By clicking “Sign up for GitHub”, you agree to our terms of service and privacy statement. We’ll occasionally send you account related emails.

Already on GitHub? Sign in to your account

Mean time in discretised distribution #240

Open
hyanwong opened this issue Jan 12, 2023 · 12 comments
Open

Mean time in discretised distribution #240

hyanwong opened this issue Jan 12, 2023 · 12 comments

Comments

@hyanwong
Copy link
Member

hyanwong commented Jan 12, 2023

I'm trying to find a sensible calculation for the mean time of a node in tsdate, given the time discretisation scheme. More specifically, if we take the $n$ probabilities $p_i$ for $i=1..n$ associated with each timepoint $t_i$ to mean the probability that the true time lies between $t_i$ and $t_{i+1}$, then the last value $p_n$ is the probability that the node time will be from timepoint $t_n$ to ∞. In other words, this is an open-ended distribution.

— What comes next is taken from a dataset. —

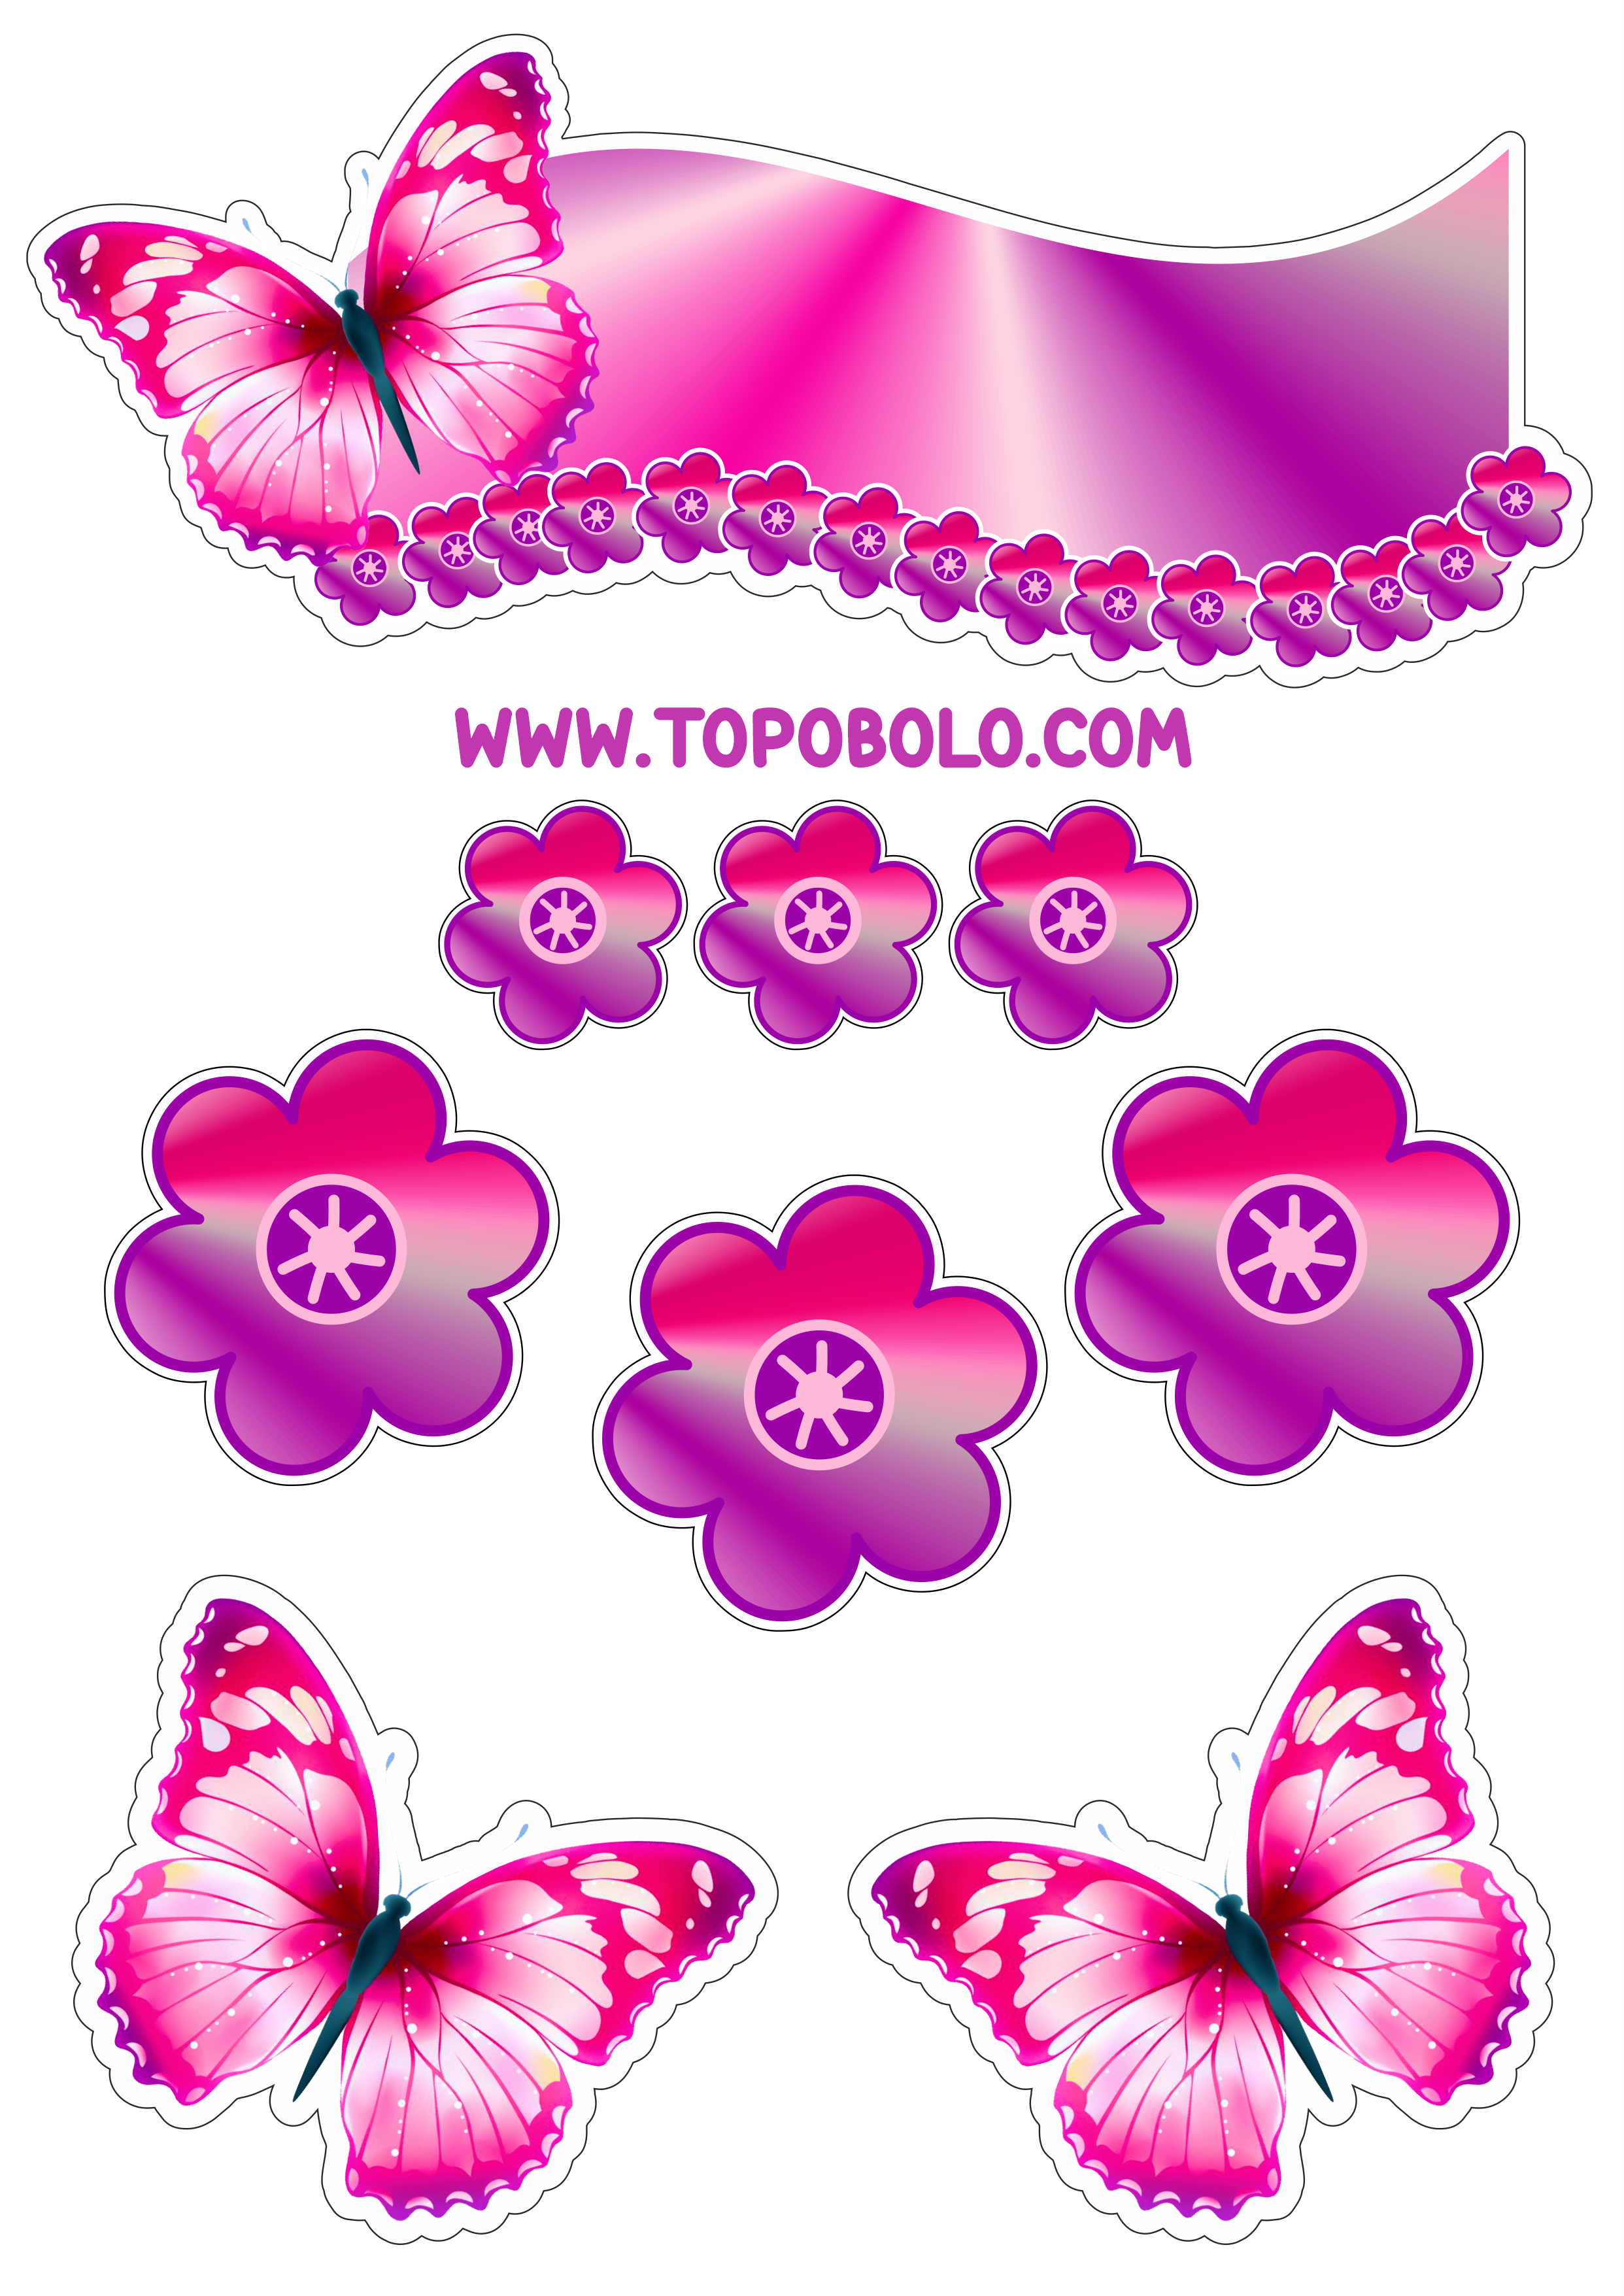 Topo de bolo para baixar borboletas e flores coloridas decoração de aniversário png

If we want to find the mean, while including the mass at the top end, we need to calculate the mean in the top region and add its weight to the total. Here's one way to do it. Does it sound correct?

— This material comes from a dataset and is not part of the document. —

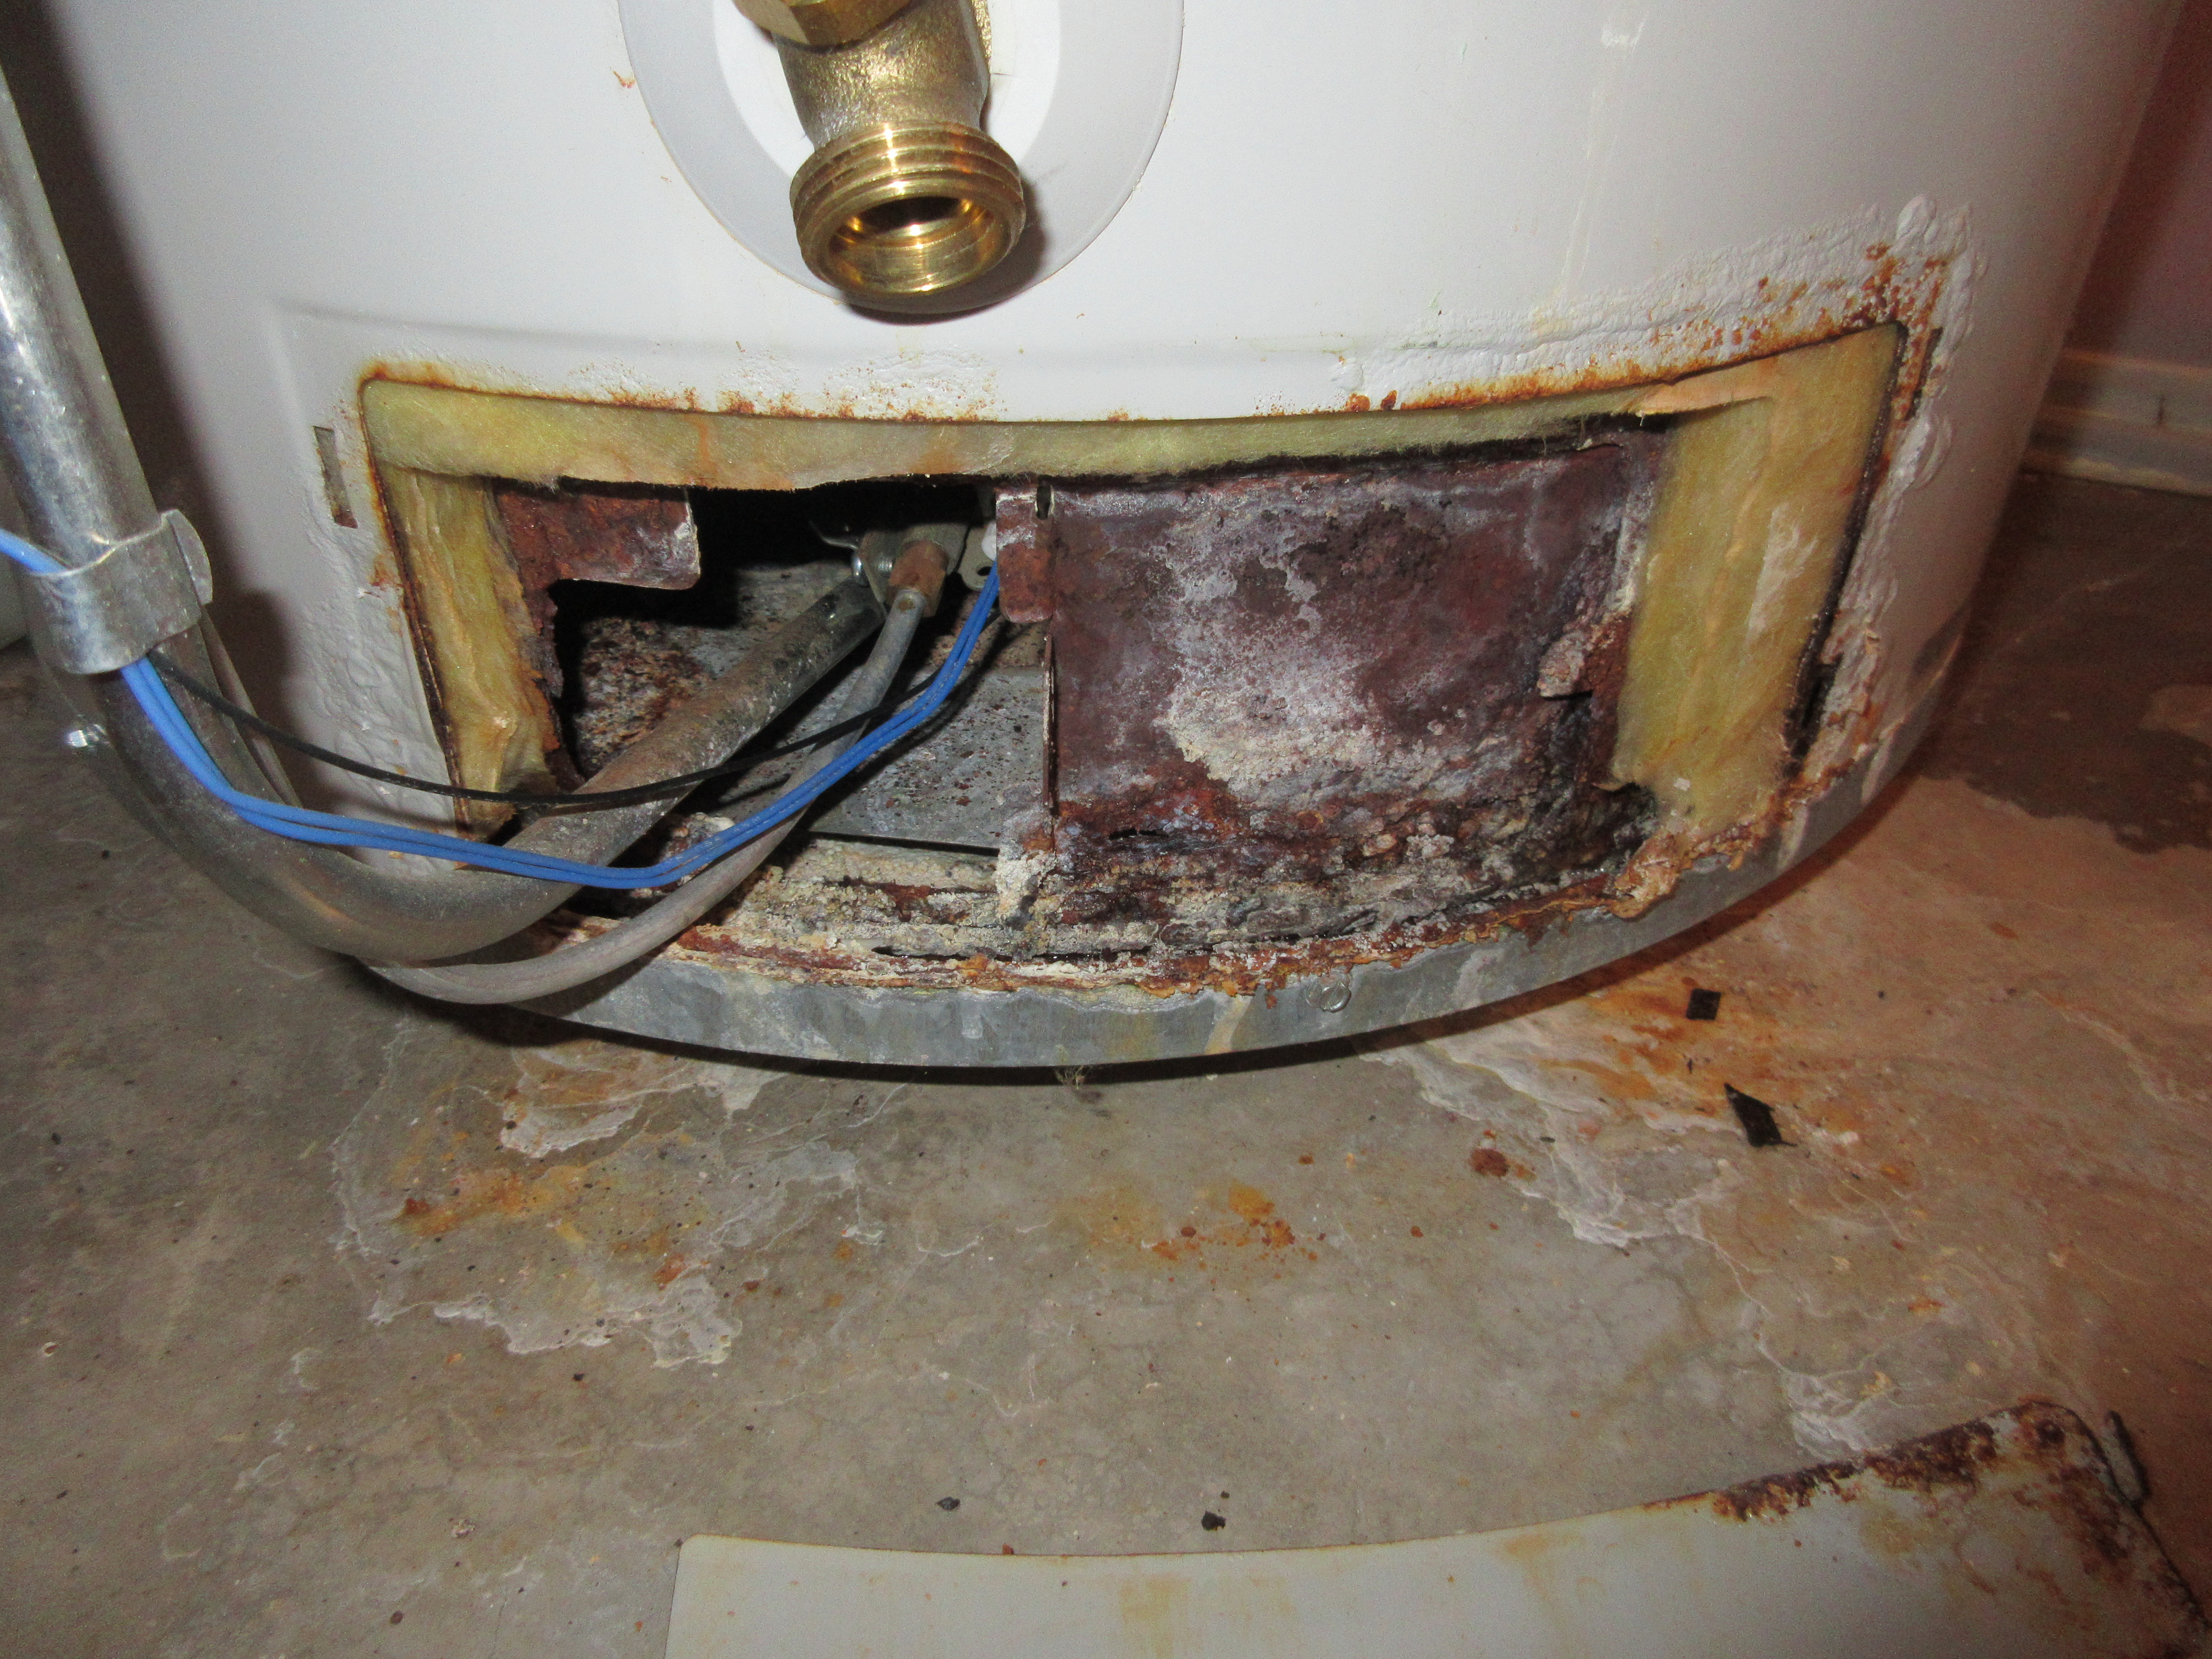 Rusty water heater

Assume that the highest category fits a negative exponential distribution (as expected from coalescent theory), with exponent $-2n_e$ (this will be correct for the oldest node, but presumably not for younger nodes). Since the total mass is $p_n$, the equivalent portion of the exponential distribution runs from $a...∞$, where

$$\int_a^∞e^{-x/2N_e}dx = p_m$$

$$a = -2N_e log(p_m)$$

The extra mass in that region that needs to be incorporated is

$$\int_a^∞e^{-x/2N_e}xdx$$

Substituting in a, this equates exactly to $2 * Ne * p_m * (1-\log(p_m))$ (nice!)

So I think that to get the mean we can take the midpoints of most of the intervals, then simply add on $2 * Ne * p_m * (1-\log(p_m))$ for the top end. Here's an example:

import scipy
import tsdate
import numpy as np
from tsdate.prior import PriorParams

def test_approx_mean(distr, Ne, n_tips, samples_under_node):
    p = tsdate.prior.ConditionalCoalescentTimes(n_tips+1, Ne=Ne, prior_distr=distr)
    p.add(n_tips) # Test for a node with 2 tips underneath
    timepoints = tsdate.prior.create_timepoints(p, n_points=21)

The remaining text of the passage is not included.